Rare Delacroix study on view at Clark

February 17, 2016 by Lisa Zhang, Staff Writer

A rare study of Delacroix’s martyrdom of St. Sulpicius, shown publicly only for the second time. Photo courtesy of The New York Times.

A rare study of Delacroix’s martyrdom of St. Sulpicius, shown publicly only for the second time. Photo courtesy of The New York Times.

Art history as a discipline often seems static, frozen. We think of it in terms of eras and with those eras come artists’ names – from the Renaissance we have Michelangelo and da Vinci and, from Impressionism, Monet. There is a canon, and that canon seems inviolable, codified in textbooks and lecture halls.

But that’s not exactly how it works. For instance, there is a near-constant revision in the leading interpretation of famous pieces, even ones that have been around for centuries. Take “The Arnolfini Wedding” – or, as it’s now called, “The Arnolfini Portrait.” Or the attribution of the works of the famous “Master of Flémalle,” the creator of so many iconic northern European works of the Renaissance, to Robert Campin, 500 years after his death. Or – for an example closer to home – consider an obscure work by Eugène Delacroix, on long-term loan to the Sterling & Francine Clark Art Institute as of Feb. 9.

There are a couple intriguing things about this work, the first of which is embedded in that last sentence.

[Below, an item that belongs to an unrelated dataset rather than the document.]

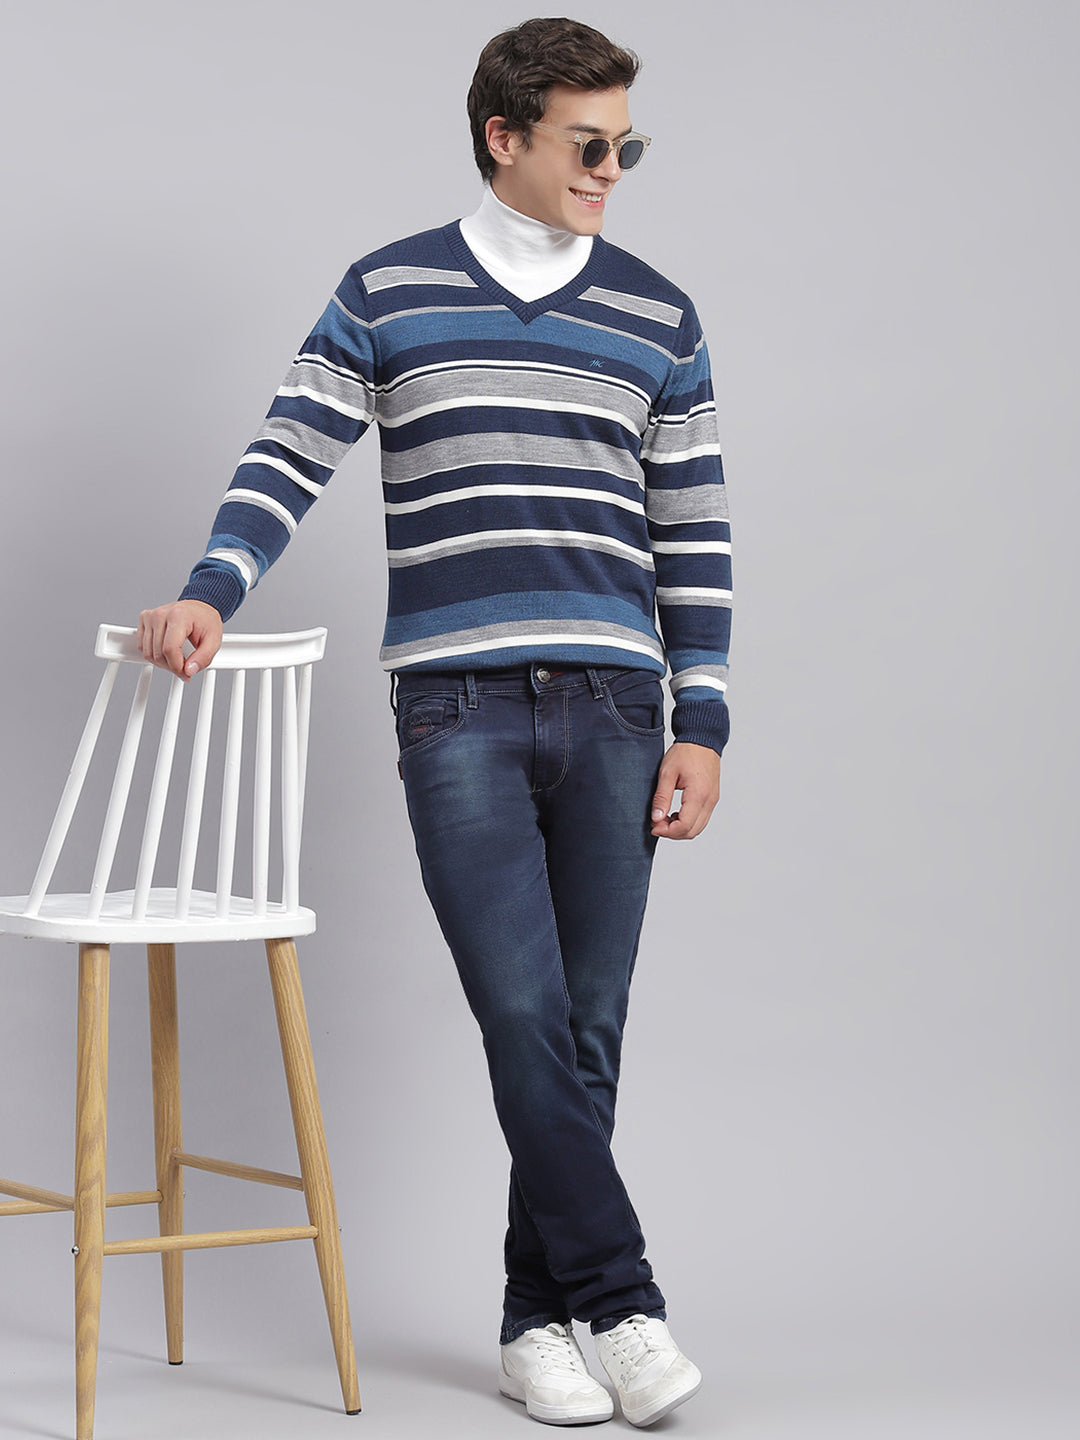 Buy Sweaters For Men Online - Woolen Sweaters For Gents - Monte Carlo

It is a little-known work done by one of the best-known artists of the Romantic era – Delacroix. The painting, which scholars have tentatively titled “The Martyrdrom of Saint Sulpicius” and roughly dated to 1847-1850, depicts a man on his knees with arms outstretched, looking up. In the sky, angels spill over onto the clouds and an otherworldly light drenches the man’s face and tunic. Directly behind him, a horse rears up, its rider cast in an ominous shadow. A crowd wields weapons, rendered in sharp, chaotic diagonals. It seems a picture of an instant in time, suspended by that ethereal light.

In this way the painting is not unusual; one can point to hundreds of other depictions of martyrdom or religious ecstasy that vary little from this theme. What is unusual is that “The Martyrdom” is not a finished work, but a study for one – and one that doesn’t seem to actually exist. There are, of course, theories. The most likely at the moment is that this is a preparatory work for Delacroix’s final commission, a set of murals for the Chapel of Holy Angels in the Church of Saint-Sulpice in Paris.

While there is no representation of St. Sulpicius in the Chapel of Holy Angels, according to the New York Times, a review of Delacroix’s journals from the time indicate that the subject matter of the murals was revised multiple times between its commission and its execution. It’s possible that the martyrdom of St. Sulpicius was once an option that was eventually discarded. The work is consistent, also, with Delacroix’s interests at the time. In writings from the 1840s and 1850s, Delacroix expressed an admiration for the painter Peter Paul Rubens. Indeed, the shadowed rider and horse behind the kneeling figure is strikingly similar to some of the early works of Rubens.

Whether or not the work is a preparatory sketch for the murals of the Chapel of Holy Angels, “The Martyrdom of Saint Sulpicius” is fascinating in its own right. We often see works after they’ve been finished; these sometimes bear little trace of the artistic process. This isn’t exactly the case with a painter like Delacroix, who favored broad, expressive brushstrokes over carefully blended, hyperrealistic pictures. But a sketch, with its hastily blocked-in colors – the torso of the rider a single mass of shadow, the facial features of the kneeling figure little more than three dabs of darker paint – reveals a lot about what the artist thought important to convey to a viewer.

In this case, we see the preeminence of light. Streaming into the scene from the top left corner, this light casts a deep shadow under the jaw of the kneeling man – this is where the eye goes first. His outstretched arms seem a direct response to the glow. (The sleeve of his tunic, rendered in a single quick stroke, looks literally to be a continuation of a ray.) Even the blades and trumpets of the riotous crowd behind him seems to emphasize the light by opposing it, the angles between them almost perfectly perpendicular.

Had this piece made it onto the walls of Saint-Sulpice, no doubt it would have been spectacular. One has to be grateful, though, for at least the existence of a sketch. It may not be grand in scale, nor groundbreaking in subject. But it is significant in its illumination of the artistic process of one of the premier painters of the 19th century. Beyond that, its reemergence after decades tucked away in a private collection, has reenergized a discipline typically thought static, revised a history previously thought whole and complete.